Some terms/definitions
PhD Thesis by Hidalgo:1
- Algorithms that do population control in a rare event setting are also referred to as cloning algorithms.
- Two variants: non-constant and constant total population: In his opinion the first is advantageous:
- uniform pruning/cloning induces correlations into the dynamics
- when populations are very fluctuating, finite-population effects cause problems (risk of population being wiped out by single clone)
selection of alternative terms for the “birth/death” events:
- kill / replicate
- create / destroy
- kill / duplicate
alternative terms for the “particles”:
- clones
- walkers
Many related papers I found use Bayesian inference or varational inference as starting point -> maybe mention these “tags” for families of related works
Large deviations
many papers with population dynamics mention large deviations
The mathematical theory of large deviations is concerned with the exponential decay of the probability of extreme events while the number of observations grows.2
Generally, the Ellis book3 seems to be the main entry point for the theory of large deviations
collection of papers from different sources
from Lu, Lu & Nolen
The Lu, Lu & Nolen paper doesn’t seem to have many citations of “related work”
- 3 papers on Stein variational gradient descent (SVGD) by roughly the same people
In Liu (2016) 4 an algorithm called “Bayesian Inference via Variational Gradient Descent” is proposed.
It uses a set of particles whose movements depend on the positions of all particles.
The idea is to minimize the KL divergence from the current to a target distribution while preventing that all particles collapse together
The two terms of the interaction can be interpreted as
1: drive the particles towards the high probability regions of the target distribution p(x)
2: act as repulsive force between the particles via the gradient of a kernel
The first term alone would result in typical gradient ascent for maximizing log p(x)

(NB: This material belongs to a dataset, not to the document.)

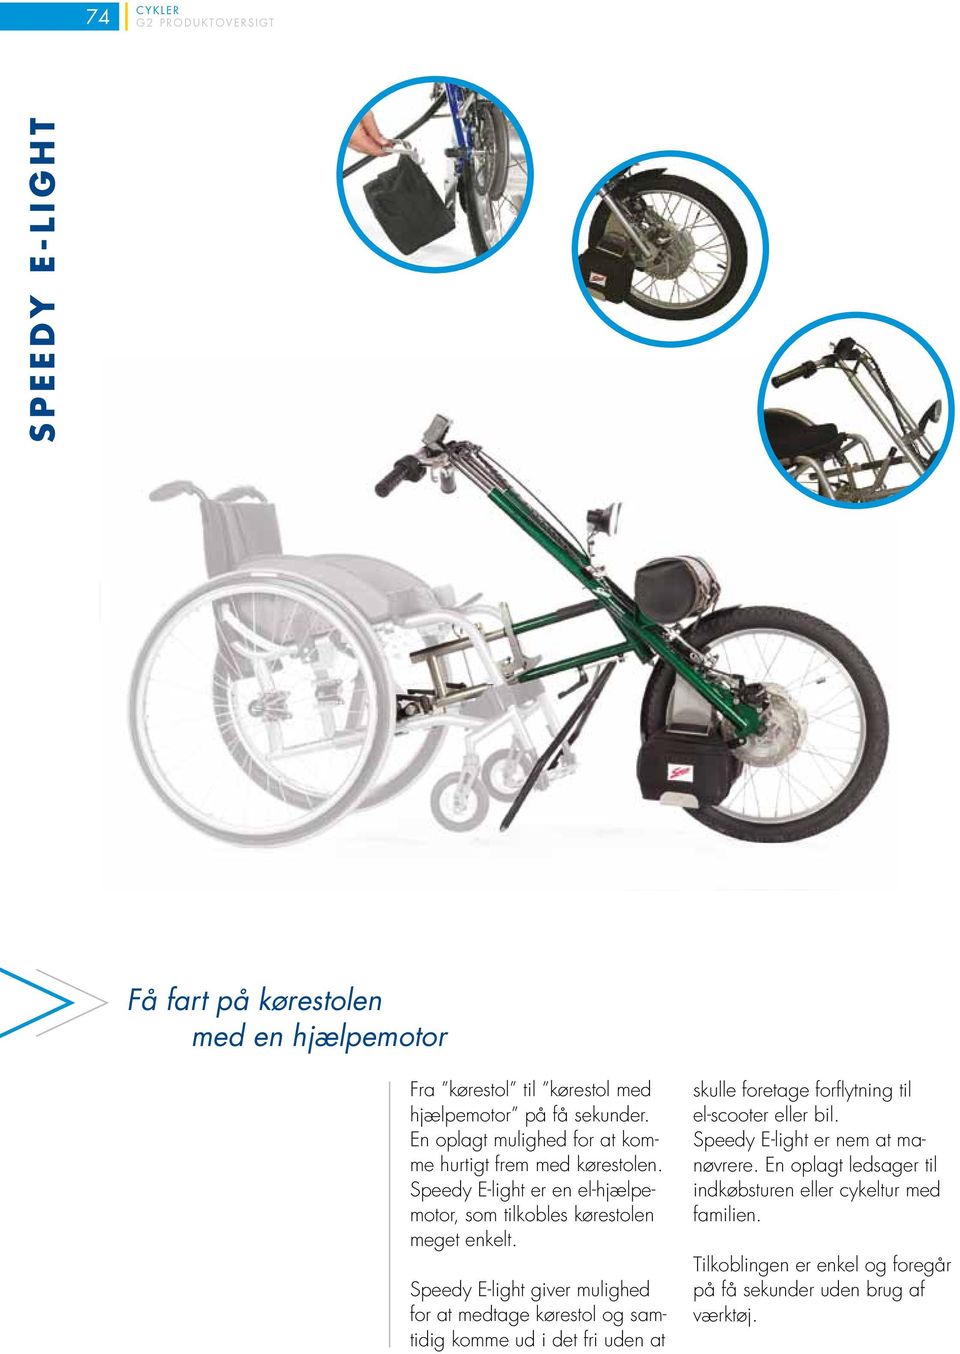 Speedy E-light giver mulighed for at medtage kørestol og samtidig komme ud i det fri uden at skulle foretage forflytning til el-scooter eller bil.

The second term has a similar idea than our KDE term, it also vanishes for the bandwidth -> 0
To summarize: movement of interacting particles, idea of KL divergence between “current” and “target” distribution, usage of a kernel to drive particles away from each other. No birth-death - also mentioned in 5: Del Moral et al (2006)6 use “clouds of weighted random samples” to sample sequentially from different probability distributions.
Applications are e.g. if the distributions are updated after more information (data) becomes available: “Alternatively, we may want to move from a tractable (easy-to-sample) distribution pi_1 to a distribution of interest, pi_n, through a sequence of artificial intermediate distributions”
proposes a Sequential Monte Carlo Sampling (SMC) method, that moves from the current “particle” positions obtained from sampling pi_{n-1} to the next distribution by applying a Markov kernel.
Only brushed through the paper but it seems to me that this is not doing population dynamics but just “moves” particles around when switching the “target” distribution. There is a sentence saying that the “algorithms can be interpreted as interacting particle approximations of a Feynman-Kac flow in distribution space”, but not sure about the exact algorithm and the particle interpretation (generally a very “mathy” paper, so hard to understand what they are exactly doing).
Feynman-Kac: Wiener-Process with added diffusion term, i.e. particles get “killed” over time\ - Probably a better paper for the algorithm by the same main author is the 2005 one:7
The method is to estimate the “rare” parts of some problem, i.e. the parts that can’t be easily sampled by plain MC
For their cloning they choose particles with high Gibbs measure, i.e. “rare” particles.
If I understand it correctly, they always “mutate” all particles, i.e. for every particle they choose one from the total set, with probability according to the Gibbs measure.
from Hidalgo’s PhD thesis
- Giardinà et al (2011) 5. Sample “rare” trajectories via population dynamics
Use (infinitely many) clones with the same dynamics but uncorrelated noise.
(nb: the dynamics looks strange on first sight, v = f + noise, so not quite overdamped langevin as in our case. Eq. 3.2 looks nevertheless very similar to the Fokker-Planck operator that we have)
“Change of basis” to modify the importance of the drift and diffusion term (or simply a different cloning rate) -> “dynamic importance sampling”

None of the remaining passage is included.